18/04/2018
Mi immergevo nella magia delle storie disegnate. Facevo mio ogni piccolo segno di ogni piccola vignetta. Che si trattasse di Zagor, il mio eroe preferito, oppure dello sfortunato Paperino e dell’avaro zio Paperone, quel mondo di fantasia mi catturava e mi faceva sognare.
Ero un divoratore seriale di fumetti. Ah, quante persone ho conosciuto mosso dallo scopo di scambiare i “giornaletti”.
Ma, nonostante tutto, non mi bastavano mai. Allora, stabilivo un particolare ordine di rilettura privilegiando le storie più belle. E, ad ogni rilettura, riuscivo a scoprire ed apprezzare nuovi particolari di testi e disegni. Immaginavo il lavoro del soggettista e del disegnatore. Apprezzavo ogni singola vignetta come risultato di un lavoro scaturito da fatica, prove e correzioni.
Ho letto di tutto fin dalla più tenera età. Dai romanzi rosa di mia sorella, ai fotoromanzi, alle dispense settimanali della storia della grande guerra…
Certe cose non le digerivo proprio. Certe altre le leggevo e le rileggevo.
Perché questa immersione nei ricordi di bambino?
Perché ieri sera mi sono imbattuto in “C’era una volta in America”, e pur essendo un film chilometrico che si è addentrato nel pieno della notte, non sono riuscito a non guardarlo per l’ennesima volta.
Quale perfezione! Che equilibrio di contenuti, che perfetto montaggio, che fotografia incredibile, che musica sublime, che stupenda recitazione, che perfetta regia.
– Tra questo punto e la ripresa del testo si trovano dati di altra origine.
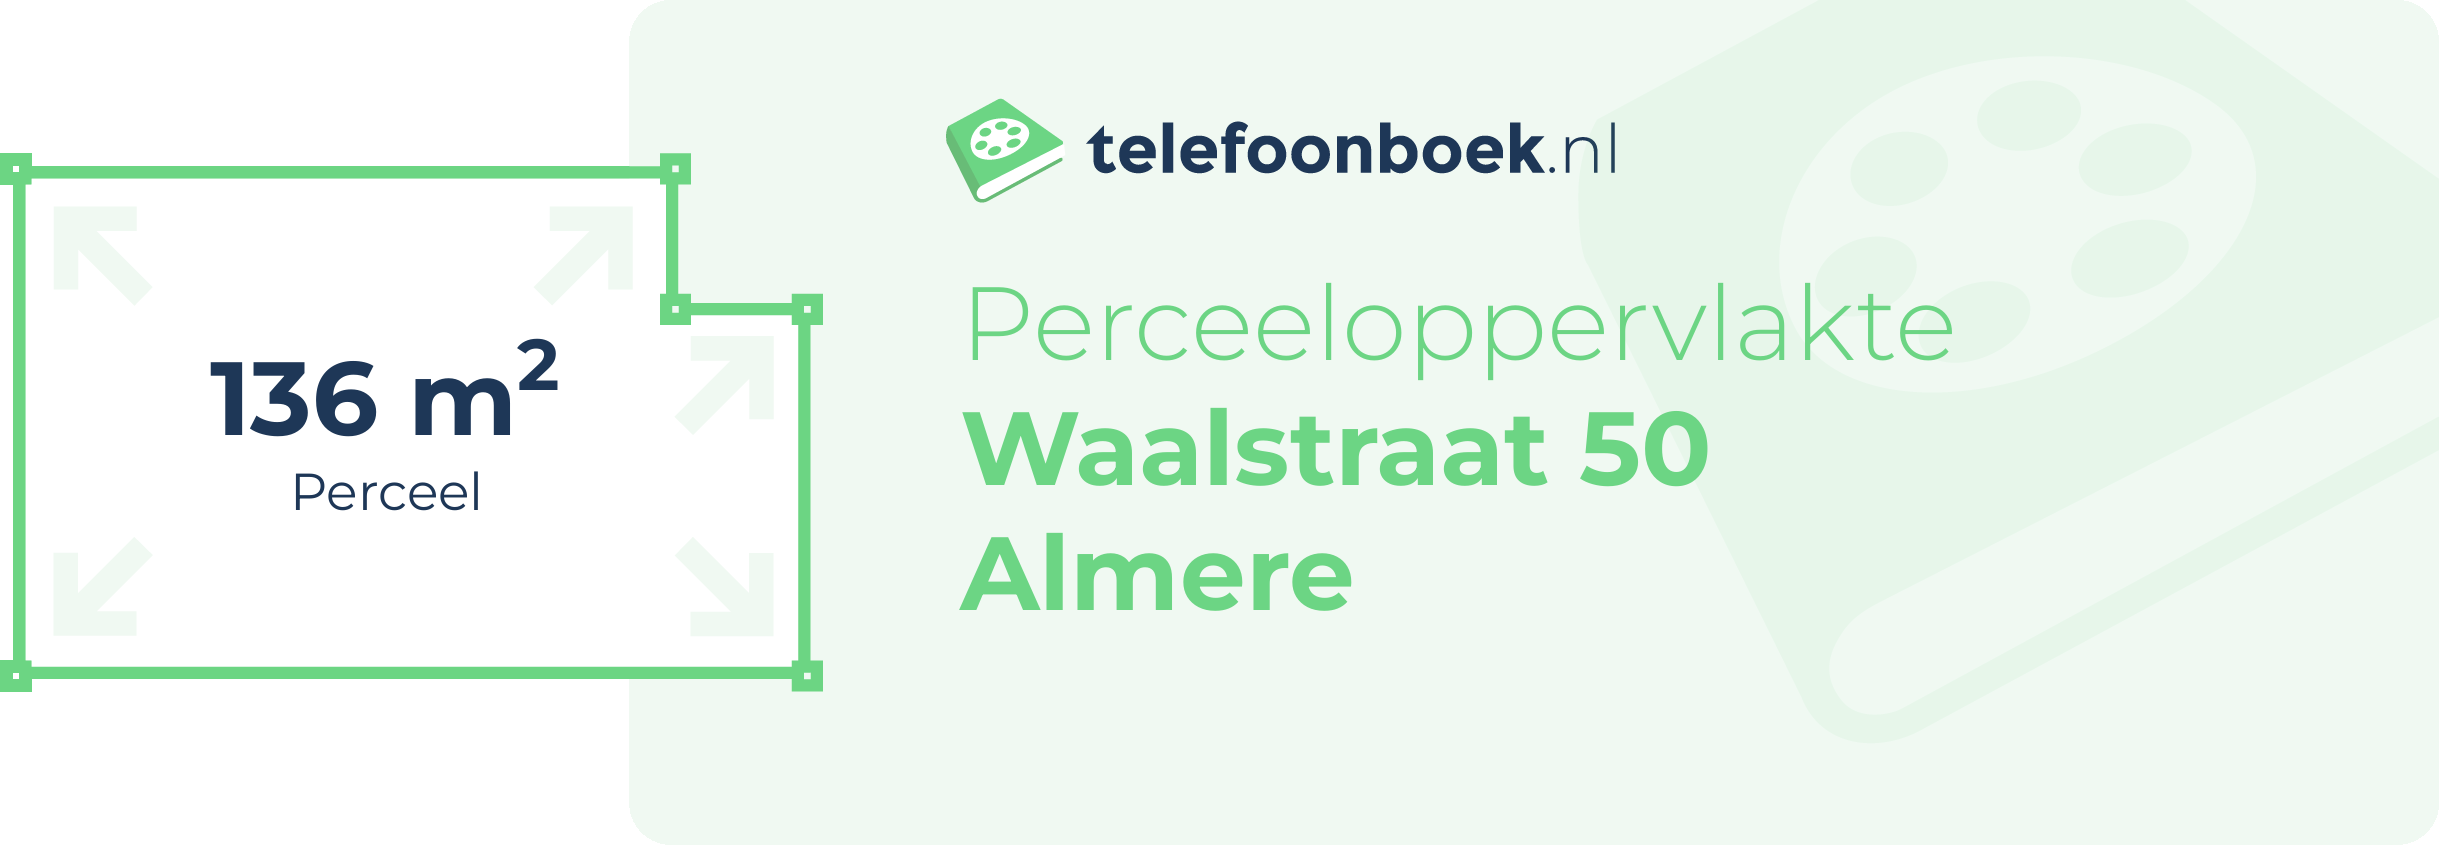 Perceeloppervlakte Waalstraat 50 Almere
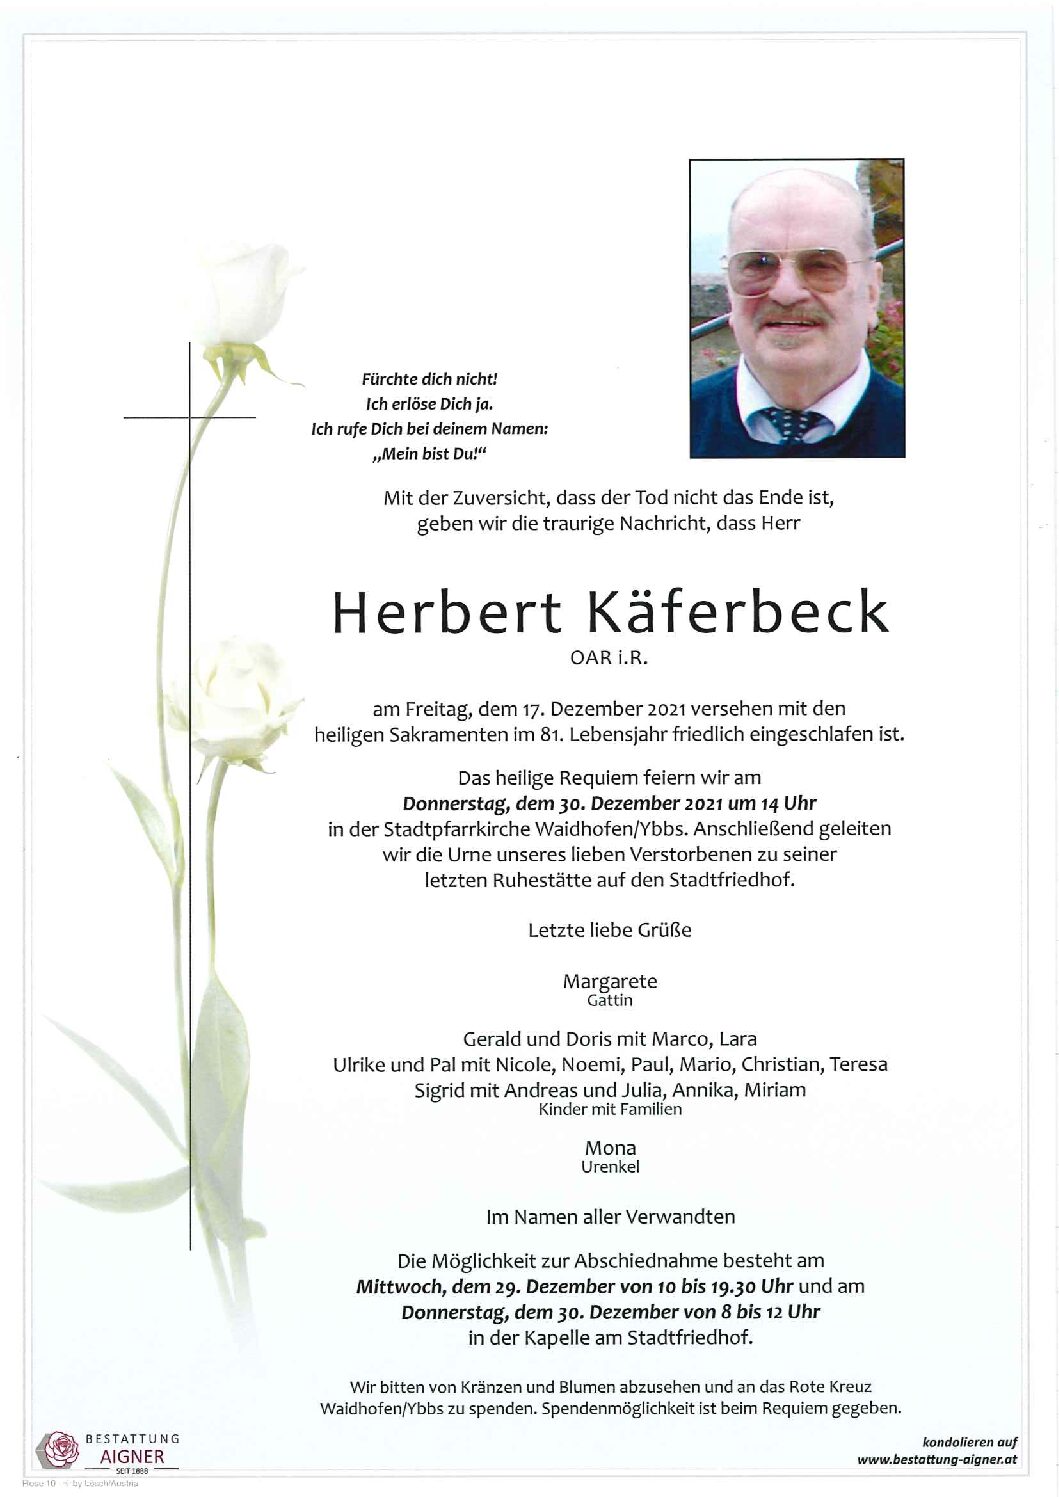 Herbert Käferbeck

Storia di amicizia, amore, violenza…
Ci sono certe corde alle quali sono particolarmente sensibile. Per altre persone non è così.
Ricordo, ad esempio, la prima volta che, insieme agli amici, sono andato a vedere “2001 Odissea nello Spazio”, incredibile capolavoro con un finale “aperto” alle più profonde interpretazioni. Al termine della proiezione, ancora spiazzato da questo film meraviglia, mi sono lasciato sfuggire un “Mah…” al quale avrei fatto seguire l’esternazione di un incredibile stato d’animo dopo tal visione.
Ma non ho fatto in tempo ad aggiungere niente altro che Andrea, interpretando quel “Mah…” come un’espressione di delusione, ha iniziato ad esprimere tutta la sua amarezza e delusione per un pomeriggio sprecato a guardare un film di bassa lega.
Ma tutto questo discorso, che attinenza può avere con il mondo dell’arredamento?
Beh, senza voler trascinare nessuno nel campo delle mie idee, una mia considerazione è che un mobile è come un film.
Un mobile artigianale è come un film d’autore.
I film dozzinali girati in un giorno, quelli che non riesci ad arrivare alla fine, quelli che se arrivi alla fine dopo un’ora non te li ricordi più, sono come mobili industriali, in kit di montaggio…
Un film d’autore si ammira e rimane un valore al di là del tempo. Un mobile artigianale, lo stesso.
Un film dozzinale serve a malapena a trascorrere due ore in una sala. E dura solo per quelle due ore, o poco più. E magari non ci piace fin dall’inizio.
Un mobile artigianale parla di sé. Mi sembra di rileggere un fumetto. Vedo il lavoro che c’è dietro un risultato. Il lavoro e l’impegno di diverse persone. Tentativi, prove e correzioni fino ad ottenere il risultato voluto. Ci si può soffermare sui particolari, scoprendo sempre nuovi dettagli.
È come un film che si riguarda o come un fumetto che si rilegge. Ogni volta si scoprono particolarità nuove. Preziosismi rari e seminascosti.
Dietro un mobile artigianale spesso c’è la mano di un Sergio Leone, di un Ennio Morricone, di uno Stanley Kubrick, che magari non hanno questi nomi ma che, nel loro lavoro, per impegno e meticolosità, sono molto simili.